*** Opening of RECORDS FOR THE EXERCISE ***
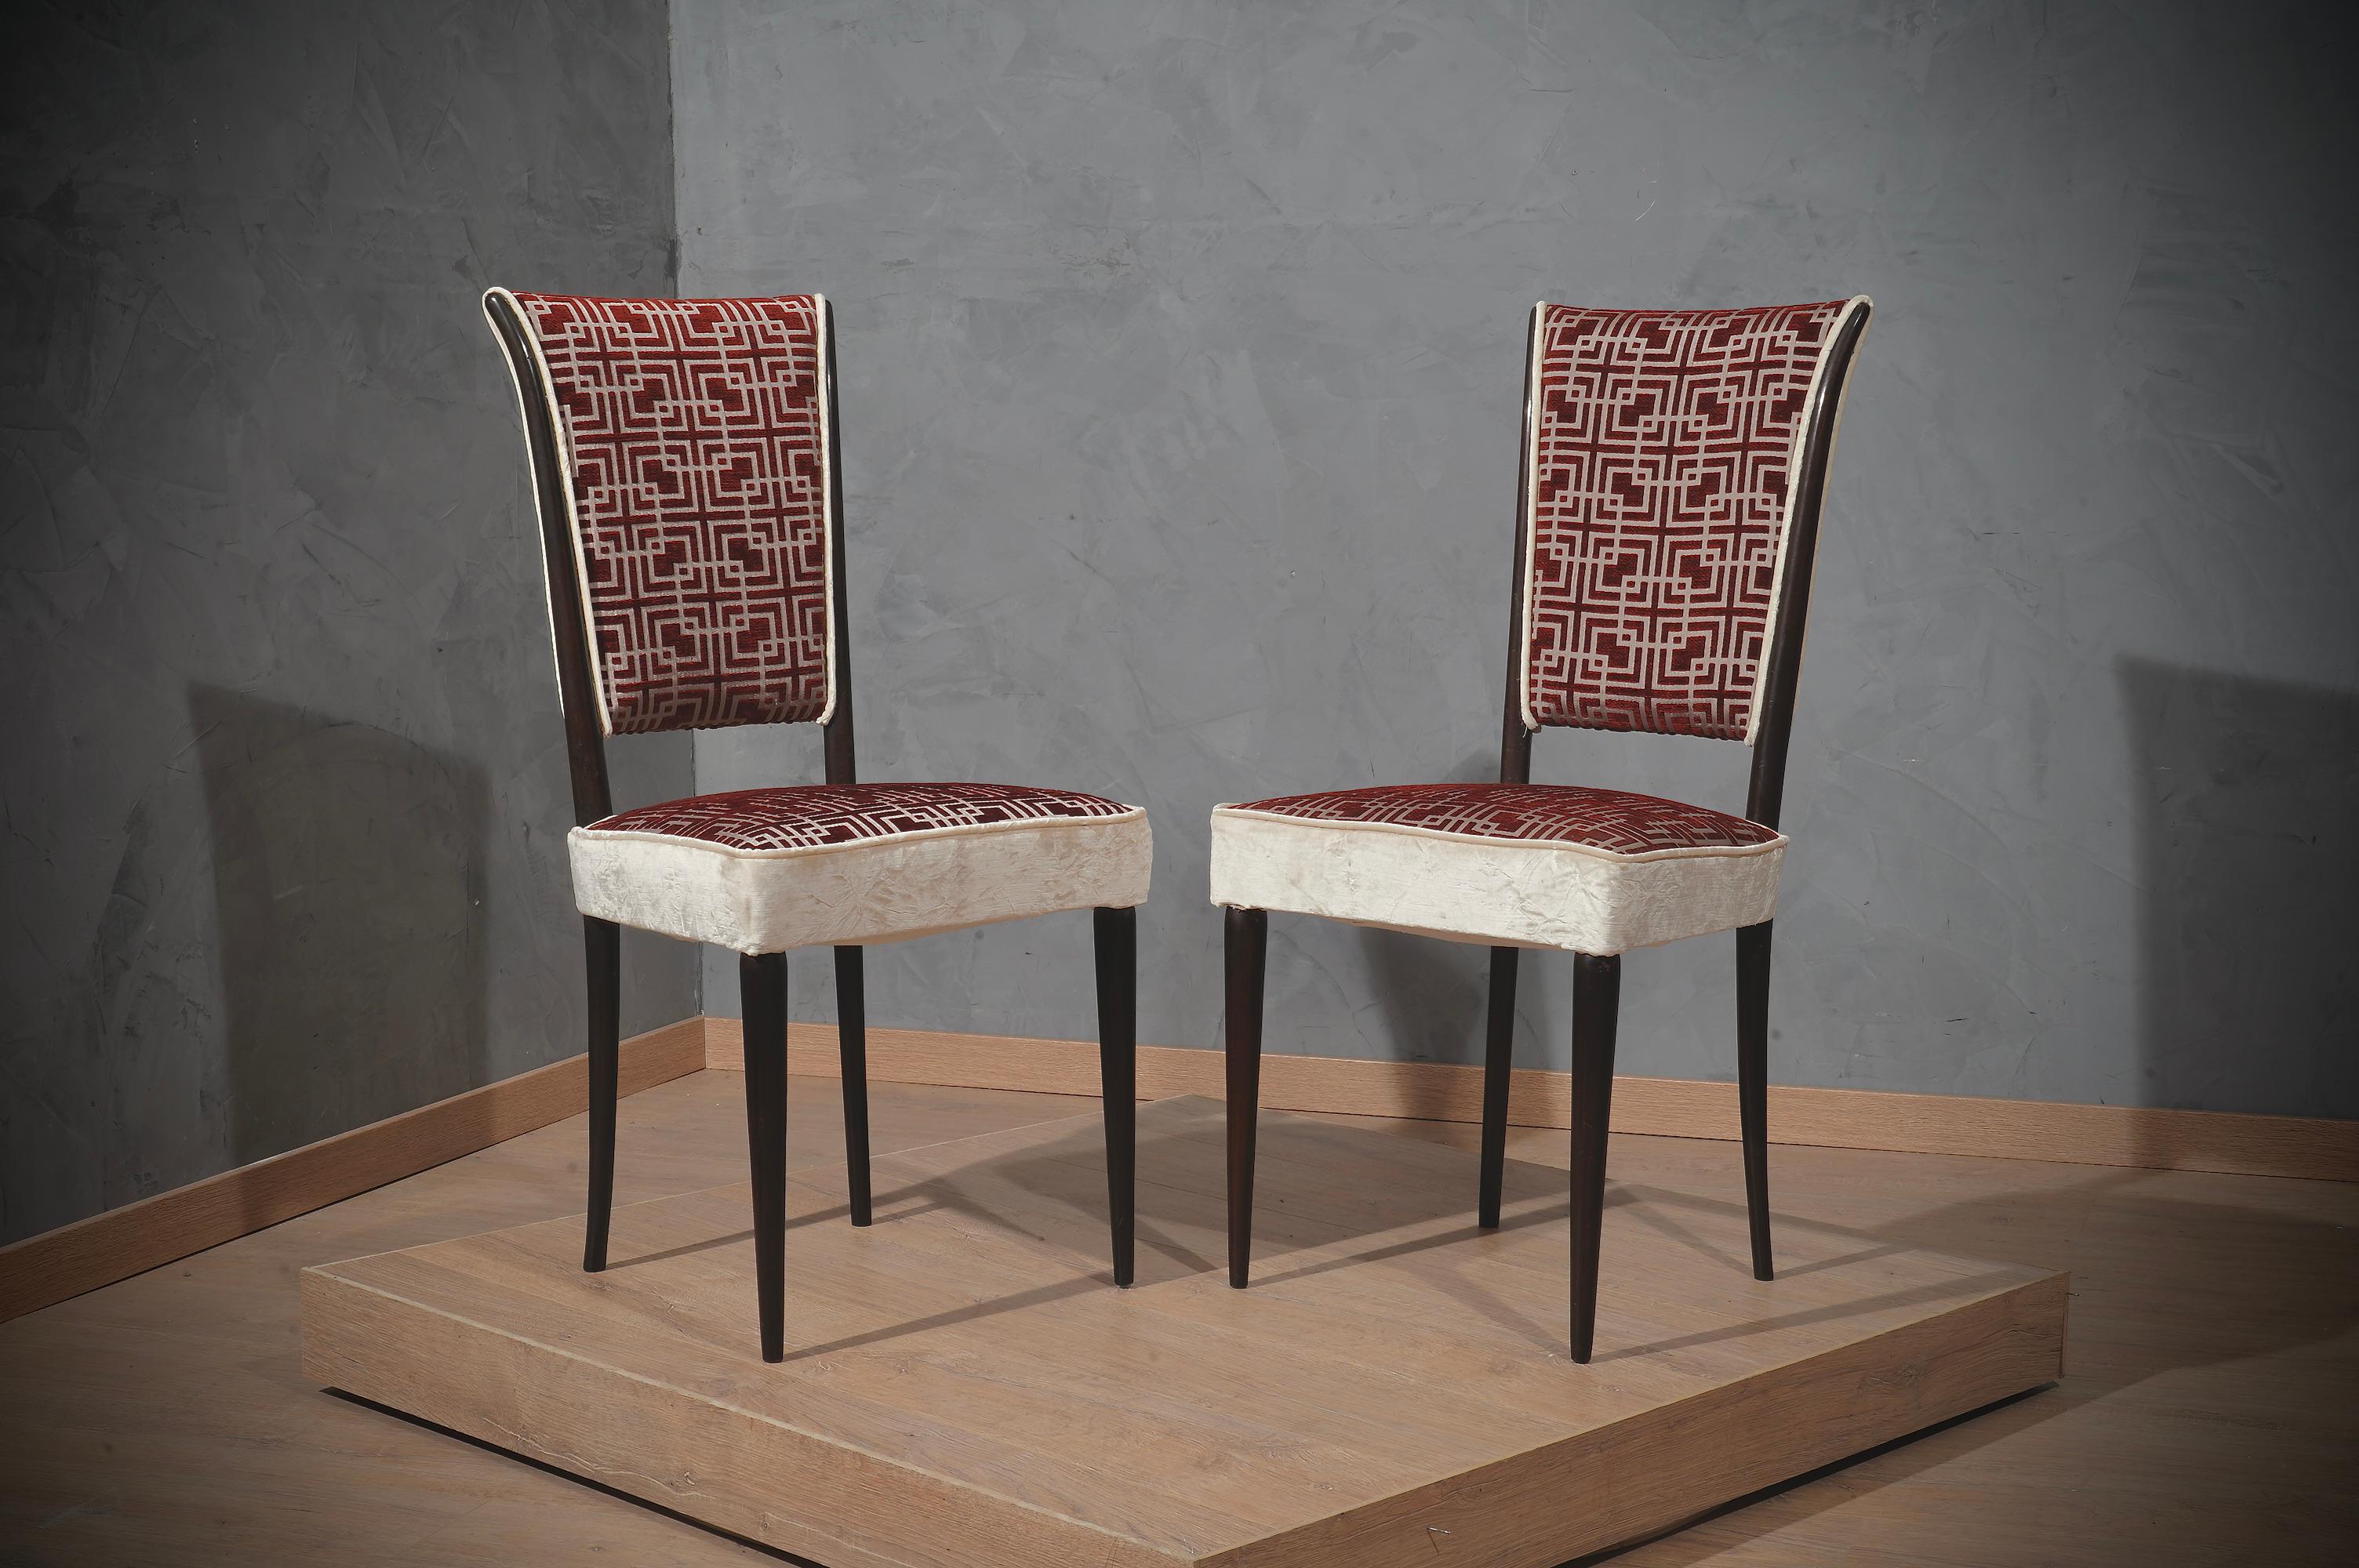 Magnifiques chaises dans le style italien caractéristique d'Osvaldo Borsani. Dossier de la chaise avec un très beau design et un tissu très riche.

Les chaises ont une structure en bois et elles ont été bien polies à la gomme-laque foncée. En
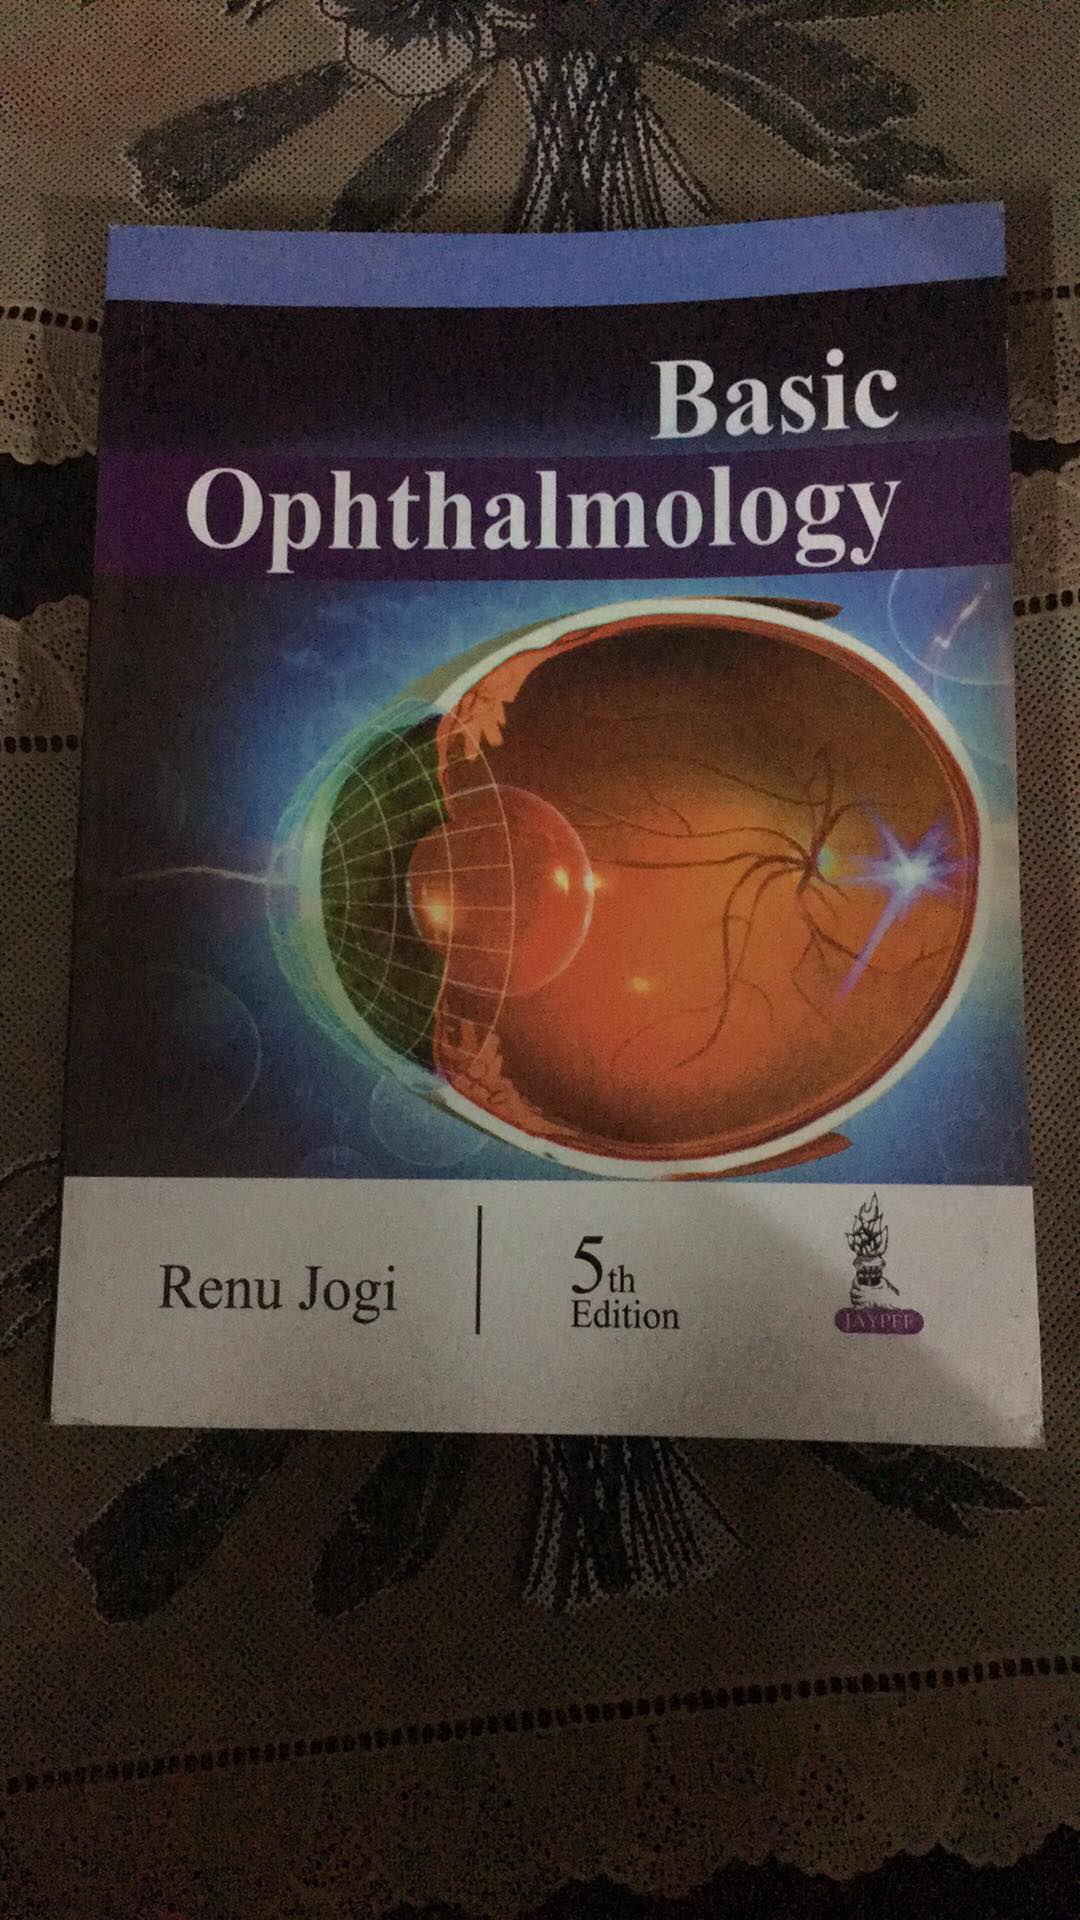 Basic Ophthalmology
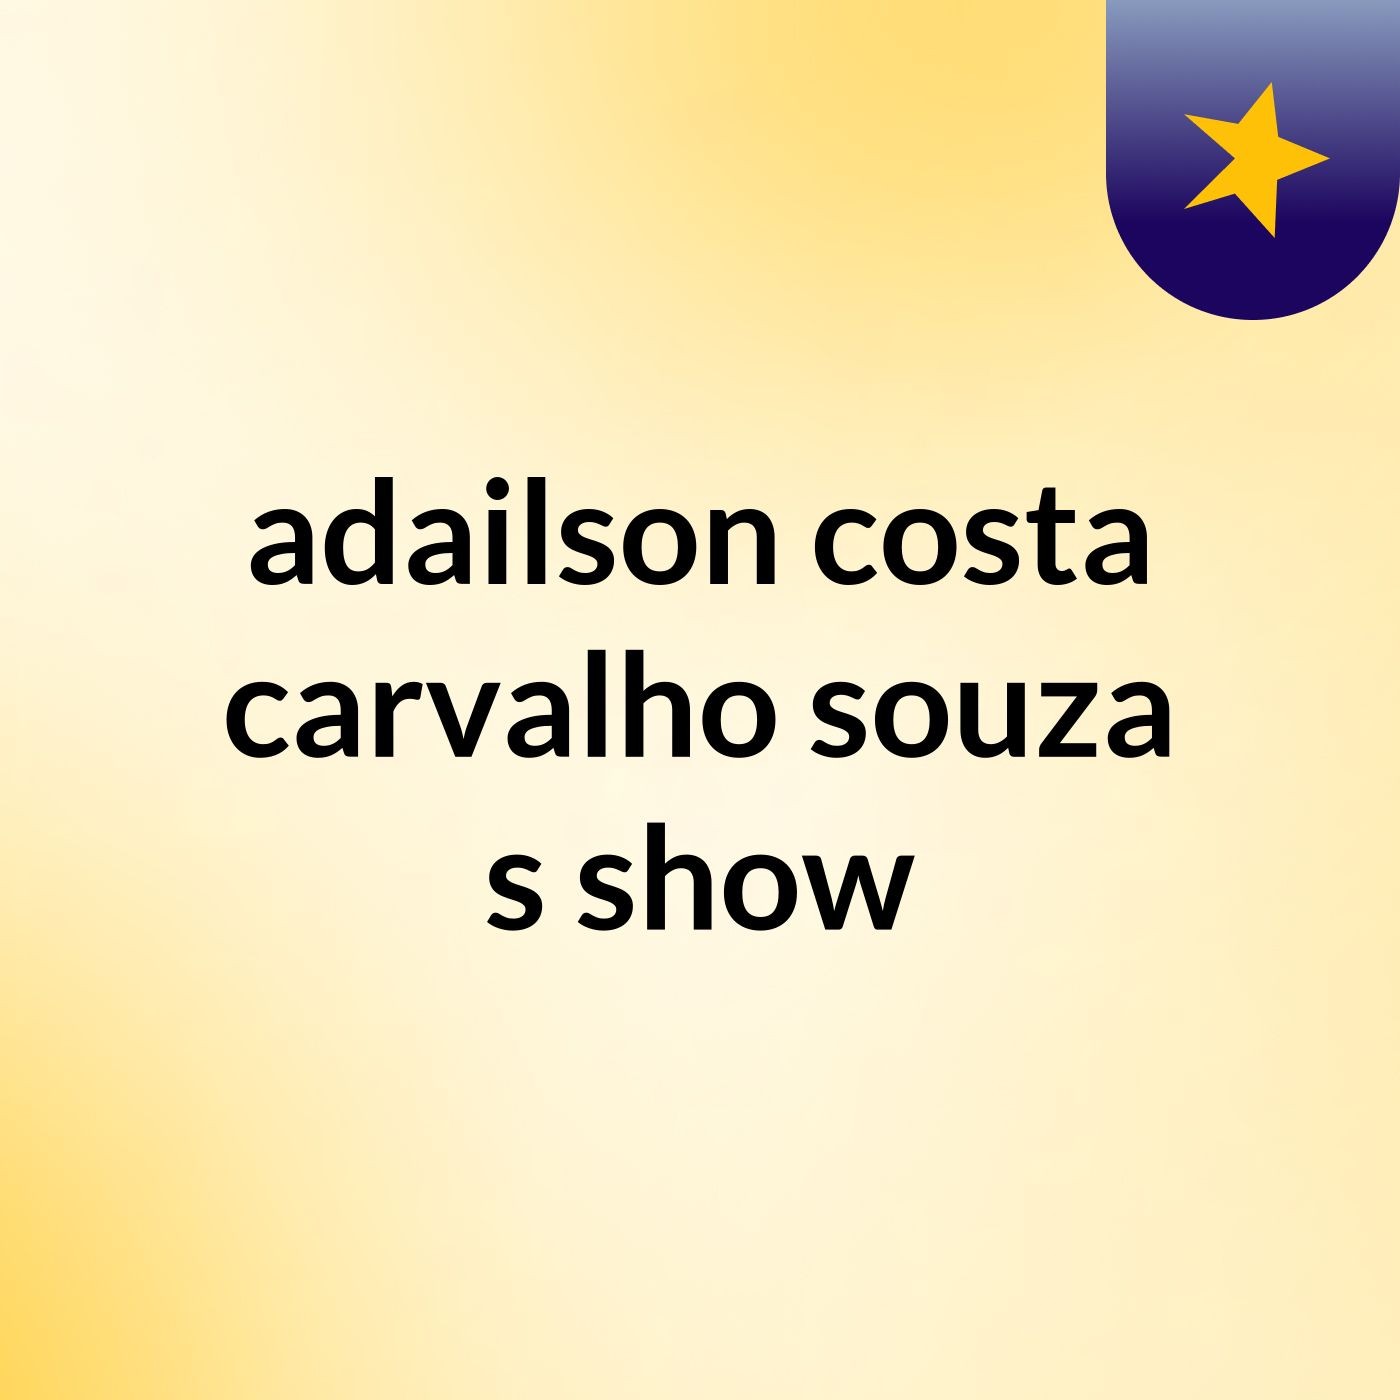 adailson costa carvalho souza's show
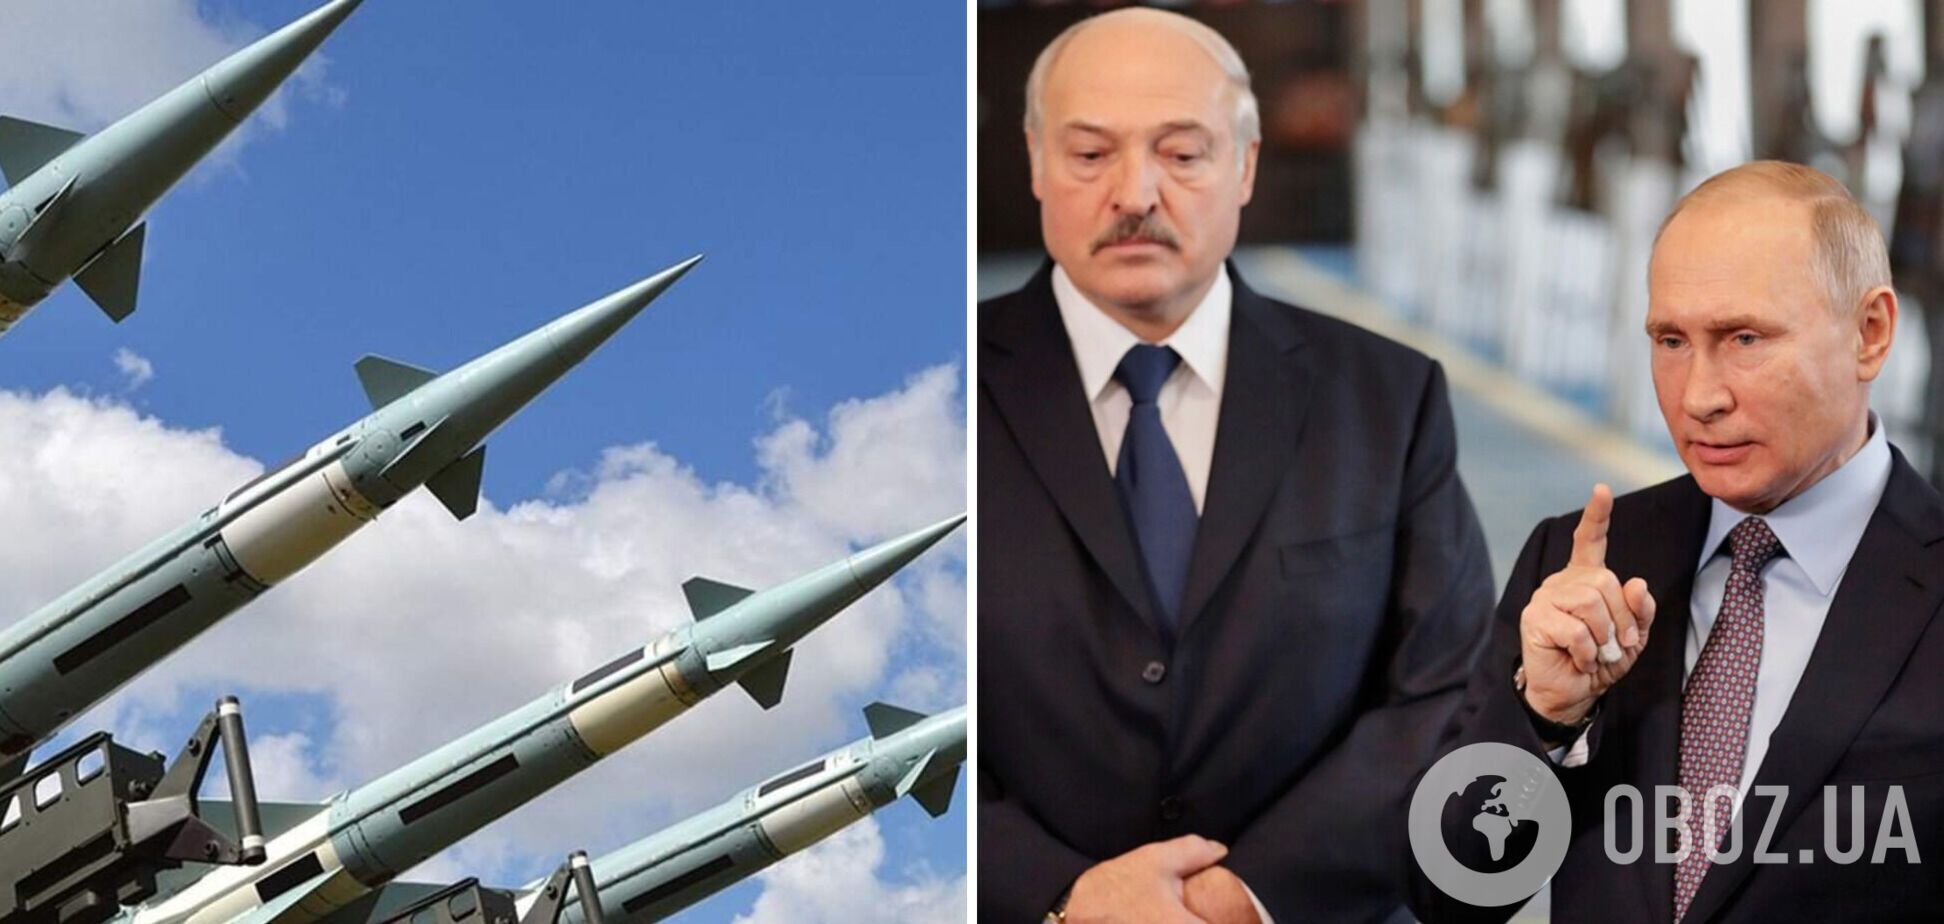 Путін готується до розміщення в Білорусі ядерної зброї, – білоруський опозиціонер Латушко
*** Close of RECORDS FOR THE EXERCISE ***
**WHAT YOU WILL DO:**
Give back an exact reproduction of the entries, with all pictures excluded.

**REPLY:**
 Magnifiques chaises dans le style italien caractéristique d'Osvaldo Borsani. Dossier de la chaise avec un très beau design et un tissu très riche.

Les chaises ont une structure en bois et elles ont été bien polies à la gomme-laque foncée. En
 Basic Ophthalmology
 adailson costa carvalho souza's show
 Путін готується до розміщення в Білорусі ядерної зброї, – білоруський опозиціонер Латушко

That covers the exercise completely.